The potential of Avatar then, Ryan noted, is the aforementioned ability to propagate and serially interrogate CTCs, as well as the idea that "capturing cells from the circulating blood of the patient may represent a sort of soup made up of cancer elements coming from all different types of tumors so that the heterogeneity piece may be something we'll be able to account for with this technology."
In addition, Ryan said, "When we get these colonies to grow, and this is what got me really excited, we see not only tumor cells. We see immune cells, stromal cells, and we see that the CTCs are trying to make a tumor, and we can study that interaction."
In another white paper published on its website, XCell describes some early results from its work with Ryan and colleagues at UCSF. So far, the team has gathered CTCs from blood samples of patients with late-stage, castration-resistant prostate cancer and cultured them in Avatar with settings designed to recreate their native blood environment.
The cells, which typically do not grow in traditional incubators, were able to survive and propagate, and after a week the researchers studied the colonies using immunofluorescence imaging, real-time PCR, and mRNA sequencing.
About 25 percent of the colonies were identified as tumor cells based on various prostate cancer biomarkers. In addition, the researchers found that CTC colonies based on cells from the same patient showed differential gene expression, which indicated activity from multiple tumor clones. Some of the differentially expressed genes were associated with neuroendocrine-like signatures as well as biomarkers linked to stem cells and immuno-oncology activity, XCell noted.
In addition to expanding this work, Ryan and colleagues plan to conduct more downstream sequencing of Avatar-cultured circulating prostate cancer cells.
"Mutational analysis is something that can be done," Ryan said. "One of the recent developments in prostate cancer is that we think there are actually morphologic changes in the subtype of the cancer — so the cancer goes from being an adenocarcinoma to being more of a neuroendocrine carcinoma. One of our goals is to see if we can sequence neuroendocrine carcinoma as a separate entity from adenocarcinoma."
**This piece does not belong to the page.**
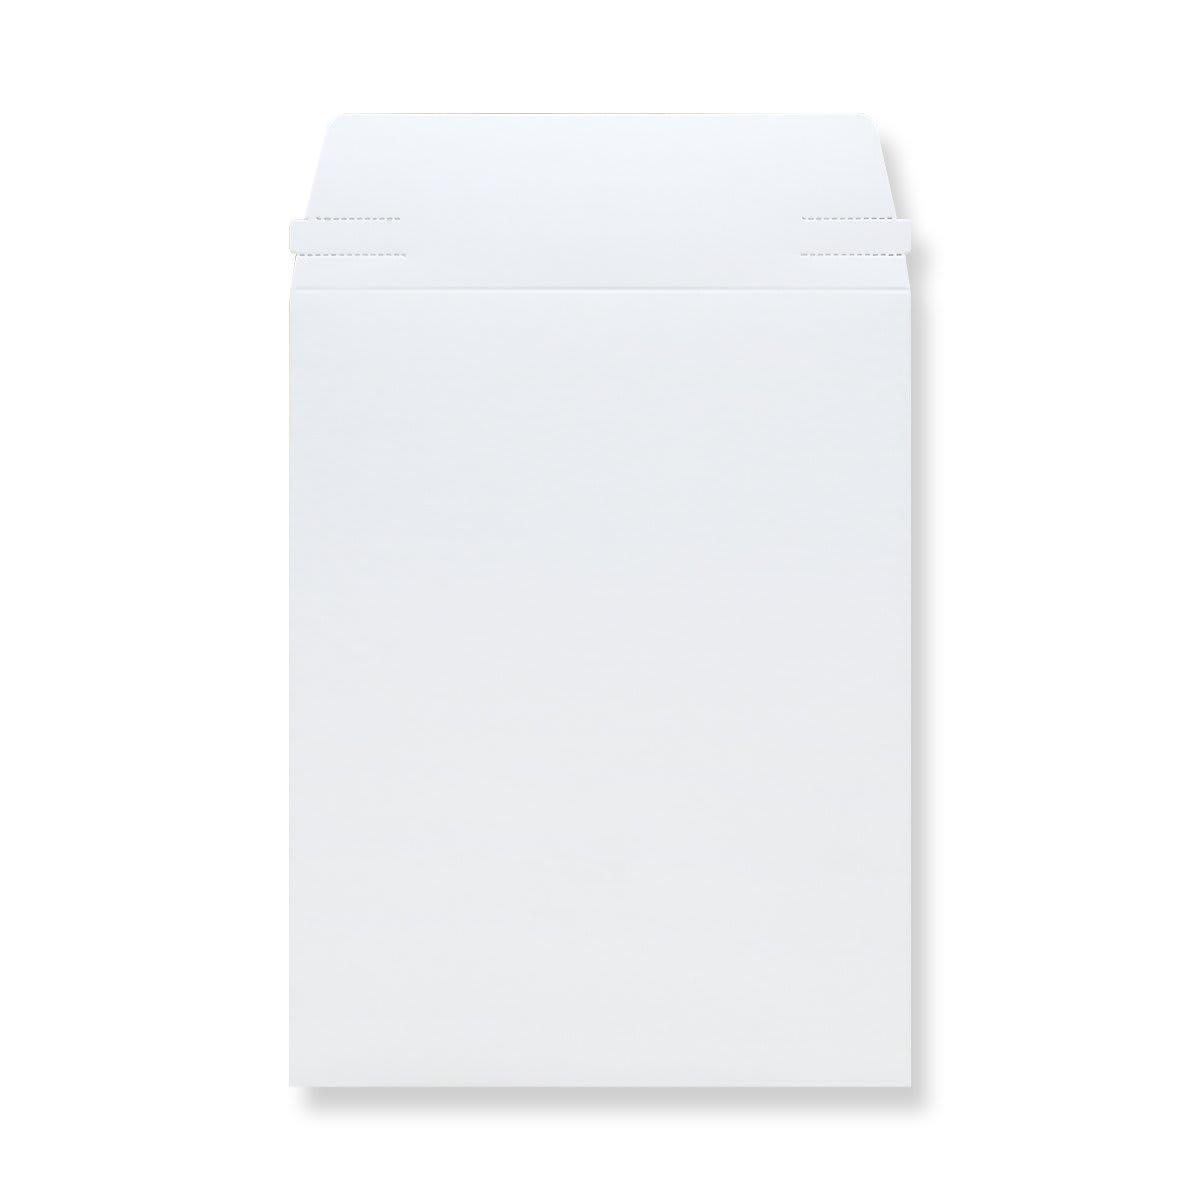 239 x 164mm WHITE ALL BOARD ENVELOPES

"And the other thing we could potentially do is look at androgen receptor variation," Ryan added. "It's still early, but one of the goals would be that we could do drug testing in vitro with these colonies as they grow, and be able to look at genomic changes in relation to drugs."
XCell Bio's Lim noted that all of the company's sequencing work so far has been optimized for Illumina instruments, but cells grown on the Avatar system could be interrogated with other sequencing instruments, as well as other types of technologies to examine gene and protein expression.
And though Avatar's potential for studying CTCs is large, XCell Bio is looking to push the technology into a number of other areas, such as stem cell growth and analysis and compound screening for drug discovery. At the same time, the company is also looking to broaden the types of research collaborations it is engaged in.
"There is also a tremendous opportunity outside of oncology," Lim said. "Initially, we started out providing very basic services to collaborators. … We quickly outgrew those kinds of relationships, and are now focused on … larger studies, and have begun placing instruments with a number of our collaborators who are doing this work internally with their own technicians and their own patient samples. And that's what we'll be focused on for the next year."
Besides the small amount of funding it received under the Illumina Accelerator program, XCell Bio also closed a small seed funding round for an undisclosed amount last year, Lim said. To support its endeavors in the coming year, Xcell Bio will look to raise Series A funding in the fall, he added.